Malware Capabilities
The malicious code embedded in versions 1.82.7 and 1.82.8 was engineered to perform several actions on the compromised host:
- Credential harvesting: Extraction of cloud provider credentials (AWS, GCP, Azure), environment variables containing API keys, and authentication tokens stored in common configuration paths
- Cryptocurrency wallet theft: Scanning and exfiltration of local cryptocurrency wallet files and seed phrases
- Persistent backdoor installation: Deployment of a downloader component designed to pull additional payloads for follow-on intrusions
- Delayed C2 check-in: The malware contacts its command-and-control server only every 50 minutes, an unusual interval likely chosen to evade automated sandbox detection systems that typically time out after 5–10 minutes of inactivity
The 50-minute C2 polling interval is a noteworthy operational security choice. Most sandbox environments complete their analysis within 10–15 minutes — a delay of 50 minutes means the malicious network activity would be invisible to any automated analysis that doesn't run significantly longer than standard sandbox timeouts.
Attribution: TeamPCP
A threat group calling itself TeamPCP claimed responsibility for the attack via a public Telegram channel. The group had previously been largely unknown to the threat intelligence community, suggesting either a new actor or an established group operating under a fresh identity.

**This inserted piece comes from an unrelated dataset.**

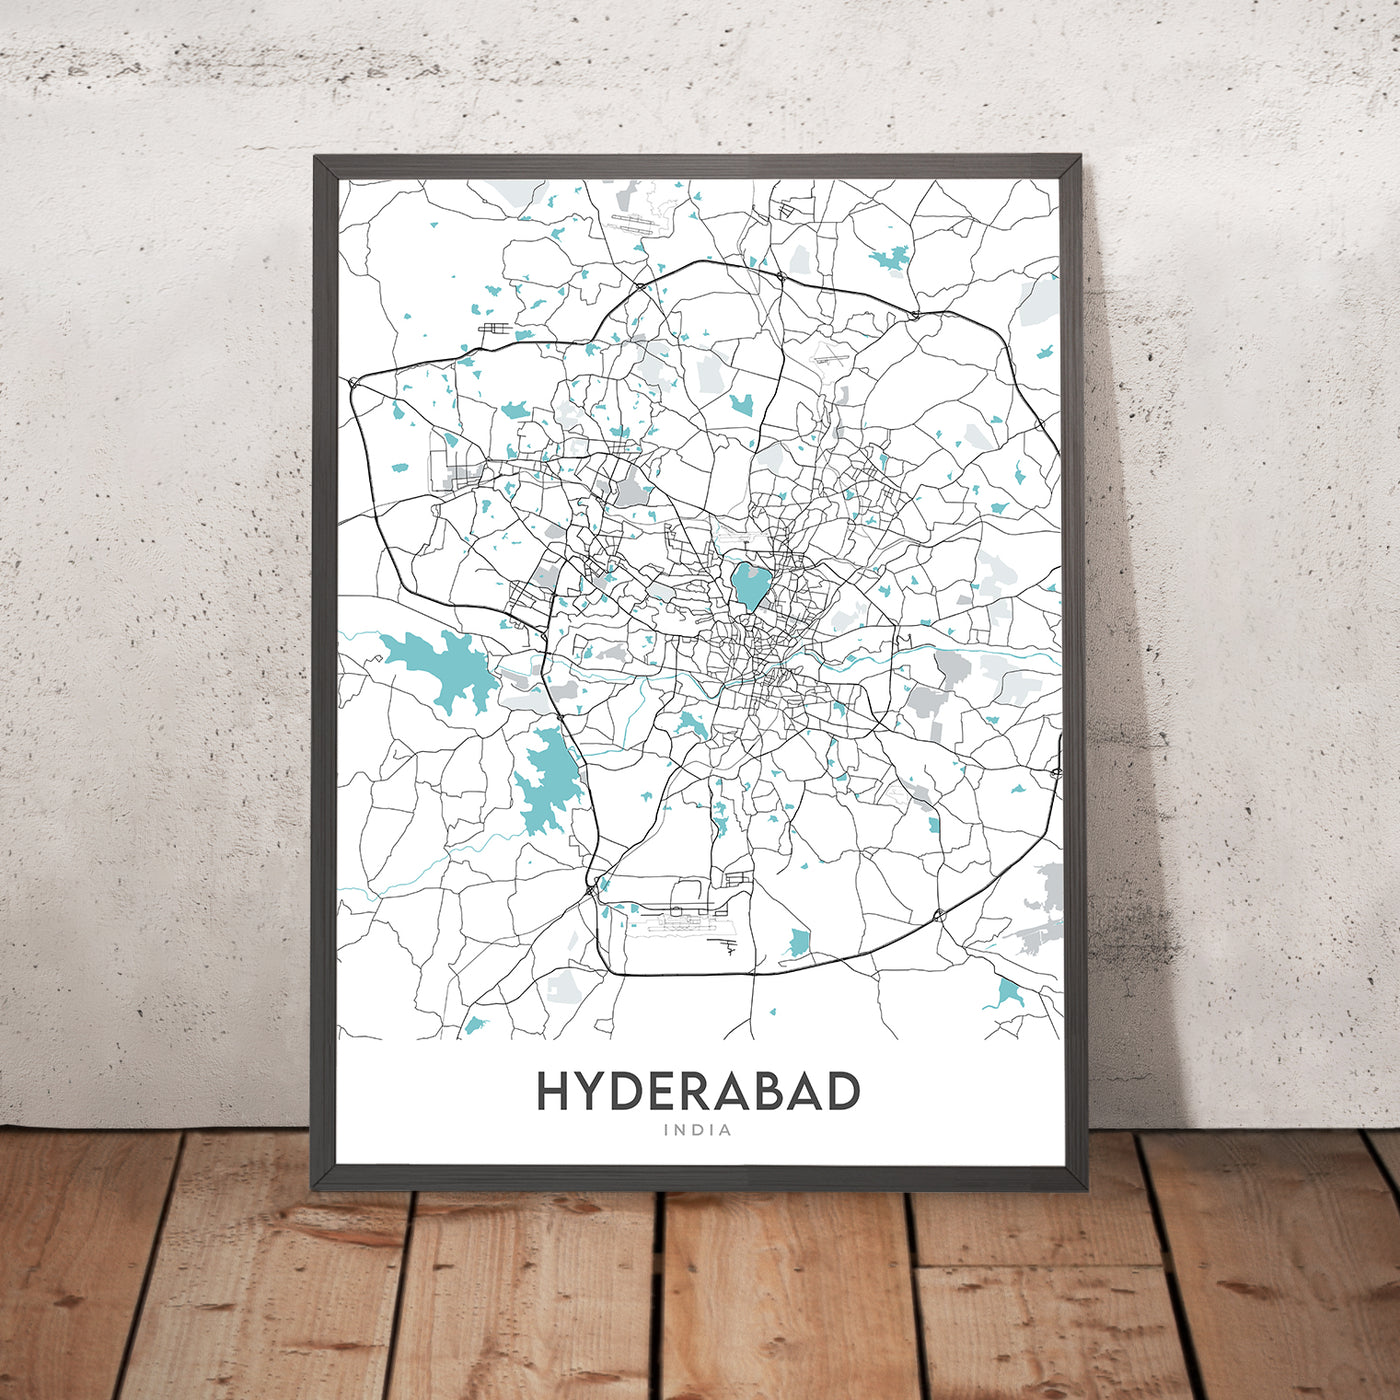 Mapa moderno de la ciudad de Hyderabad, India: Banjara Hills, HITEC City, Hussain Sagar, KBR Park, Old Mumbai Hwy

TeamPCP's use of a public Telegram channel for claiming credit is consistent with tactics observed among groups seeking notoriety alongside operational gain.
Further attribution analysis is ongoing, and no nation-state connection has been publicly established.
Scope and Impact Assessment
The combination of LiteLLM's deployment breadth and the nature of the stolen data makes this incident particularly severe:
| Factor | Detail |
|---|---|
| Daily downloads | ~3 million |
| Cloud environment presence | ~36% |
| Exposure window | ~2 hours |
| Primary targets | Cloud credentials, API keys, crypto wallets |
| Persistence mechanism | Downloader for follow-on payloads |
Organisations using AI-powered applications built on LiteLLM — particularly those that automatically update dependencies — should assume any system that pulled a package update during the window of March 24 was potentially compromised.
Recommended Response
Immediate actions:
- Audit dependency lock files — Review
requirements.txt,pyproject.toml, andpoetry.lockfiles for any reference to LiteLLM versions 1.82.7 or 1.82.8 - Rotate all cloud credentials — Treat any API keys, IAM credentials, or tokens present on systems that may have pulled the malicious version as compromised
- Review environment variable configurations — Check for exposed secrets in
.envfiles, CI/CD pipeline variables, and container runtime environments - Search for the malicious downloader — Conduct endpoint investigation for persistence mechanisms installed by the malware's second-stage component
- Pin dependency versions — Until the investigation concludes, lock LiteLLM to a verified-clean version in all deployment manifests
The LiteLLM project team has released clean versions following the incident. All organisations should upgrade to the current clean release and verify the integrity of the package against the official repository checksums.
The Broader Supply Chain Threat
The LiteLLM compromise is the latest in a series of supply chain attacks targeting AI and machine learning infrastructure. The open-source AI tooling ecosystem has grown rapidly with minimal security scrutiny — many widely-deployed packages are maintained by small teams with limited security resources, using PyPI publishing workflows that do not enforce hardware security keys or multi-factor authentication for maintainer accounts.
As AI packages become foundational to enterprise cloud infrastructure, their security posture must be treated with the same rigour applied to operating system packages, network libraries, and authentication frameworks.